John closed his hanging jaw with a click, trying to sort all the words out in his head.
"Excellent," the man said, striding into the flat and looking around.
"I'm sorry," John said to the other man's thin back, closing the door behind him. "Do I know you?"
The strange man - DI James - turned round, grinning ear-to-ear. "Aren't you going to offer me tea?"
John blinked. "Yeah, okay," he said. He walked into the kitchen, looking over his shoulder as the DI flopped down on Sherlock's couch and let out a dramatic, contented sigh.
"So, you know Sherlock, then," John called from the kitchen, pouring tea into cups and setting the sugar dish on the tray he reserved for the rare visit from Mrs. Hudson, or perhaps Mycroft.
"Oh, yeah," James said casually. "I've met him before. Not exactly recently, but in London. Well, a London..."
John sat opposite him and set the tea tray on the sitting table between the two.
"How many sugars do you take," John asked with a thin smile.
James looked up from John's newspaper with surprise. "Hmm? Oh! Yes, sixteen, thank you."
John looked at him blankly. "Six, ahem, sixteen?"

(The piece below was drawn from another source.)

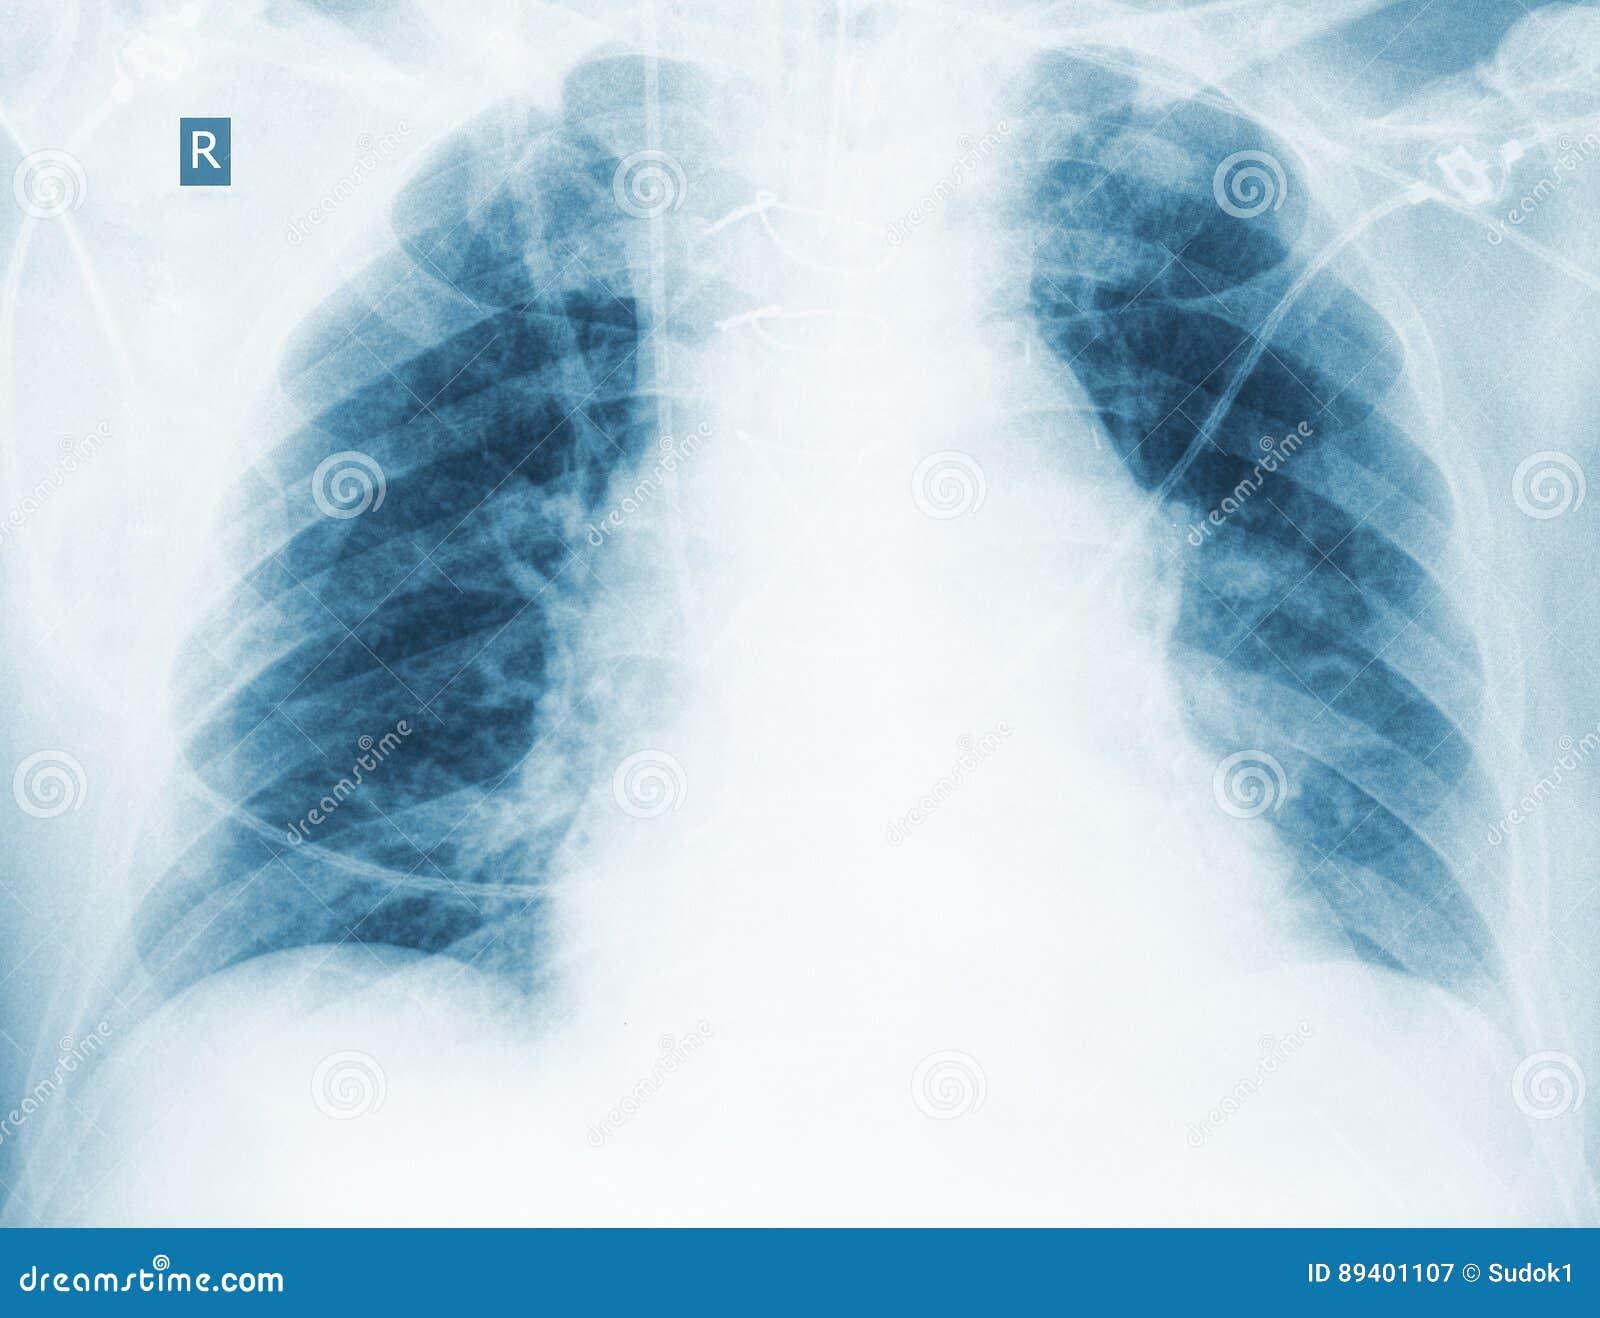 Controle radiológico da pneumonia hipoestática

"Sixteen, yeah, thanks," he said.
John rose his eyebrows, but started adding sugar into James' cup.
"So," James said, tapping his hands rhythmically on the armrests. "John Hamish Watson."
John paused in his application of sugar. After a moment, he resumed spooning sugar into the cup.
"Read the papers, do you," he asked, looking up and smiling.
"Oh, no," James said, standing up and sniffing - really sniffing - around the room. "I'd know a Watson anywhere! Strong, sturdy, brilliant - no matter what timeline you're in."
"I'm sorry, what?"
Without warning, James jumped over the couch and stood before John, all lanky legs and floppy hair. John didn't stand. He thought back and realised that the badge the DI had flashed him was the wrong colour.
"Ahh, yes," James said, rubbing his hands together. "John Watson, the faithful, loyal John Watson. You," he said, pointing to John from where he stood, "are exactly what I need." He crossed over to where John was sitting, bending at the waist and gripping the armrests of John's armchair until their faces were merely inches apart.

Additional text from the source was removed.